The wall had been built not long after Boudica and her Iceni friends arrived and burnt the place to the ground. Only the large cellar of what is now ‘Colchester Castle,’ remained, and that filled with burnt corpses. The people, now Romanised, were not regarded as loyal to the lady, therefore she treated them to the same regard she had already passed over to Verulaneum and Londinium. She was quite keen to share slaughter between all Romanised types.

Thus the wall that had not been erected in her day arose. An unfortunate mistake the Romans did not make again. No matter how trustworthy the Brits around them, the Romans built walls and defensive fortifications where they required them.

The soldiers would notice the road. It is possible they themselves had been involved in hardening the road themselves.
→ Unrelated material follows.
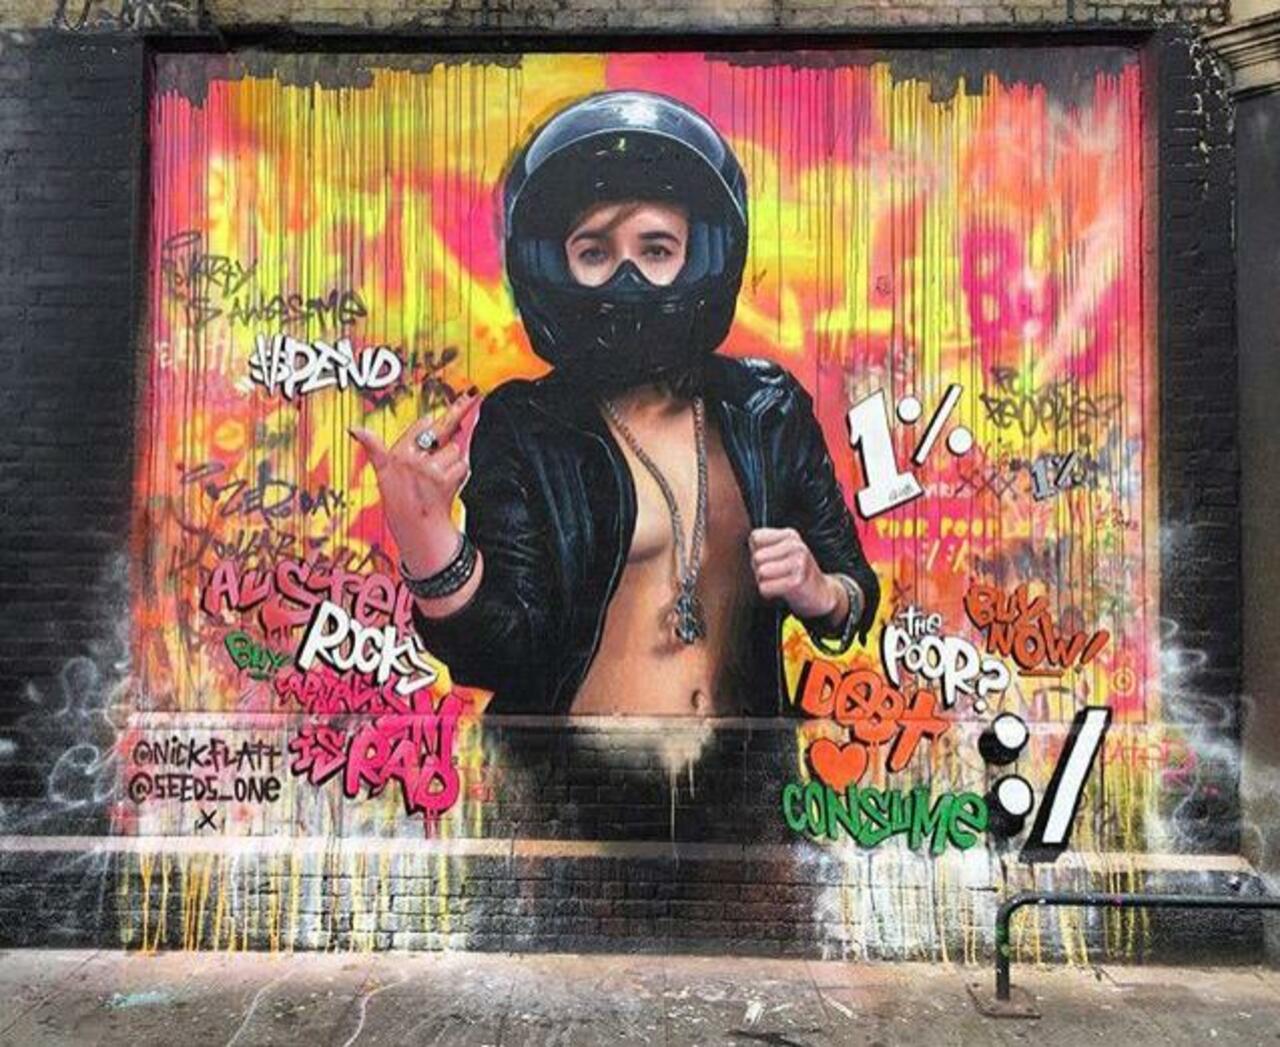 New Street Art collab by Nick Flatt &  Seeds One in London 

#art #graffiti #mural #streetart http://t.co/GRg3iEVKAU

Roman soldiers quickly learnt how to build fortifications, roads, and buildings to accompany them wherever they went. Partly this kept them busy, partly it kept them fit, always it enabled fast travel by the standards of the day for this vast military machine.

To this day the road remains almost exactly as it was then, heading west, it stretches out for 15 miles, up hill and down dale, nothing the soldiers would have found troublesome however, and after some fifteen miles (a days march) they would stop at a crossroads for the night, eat sleep and continue in the morning.

Sleep would be welcomed after the march as unless a few horse drawn carts could be found the soldier had to carry his own equipment, around 80 pounds in weight, similar to UK soldiers today.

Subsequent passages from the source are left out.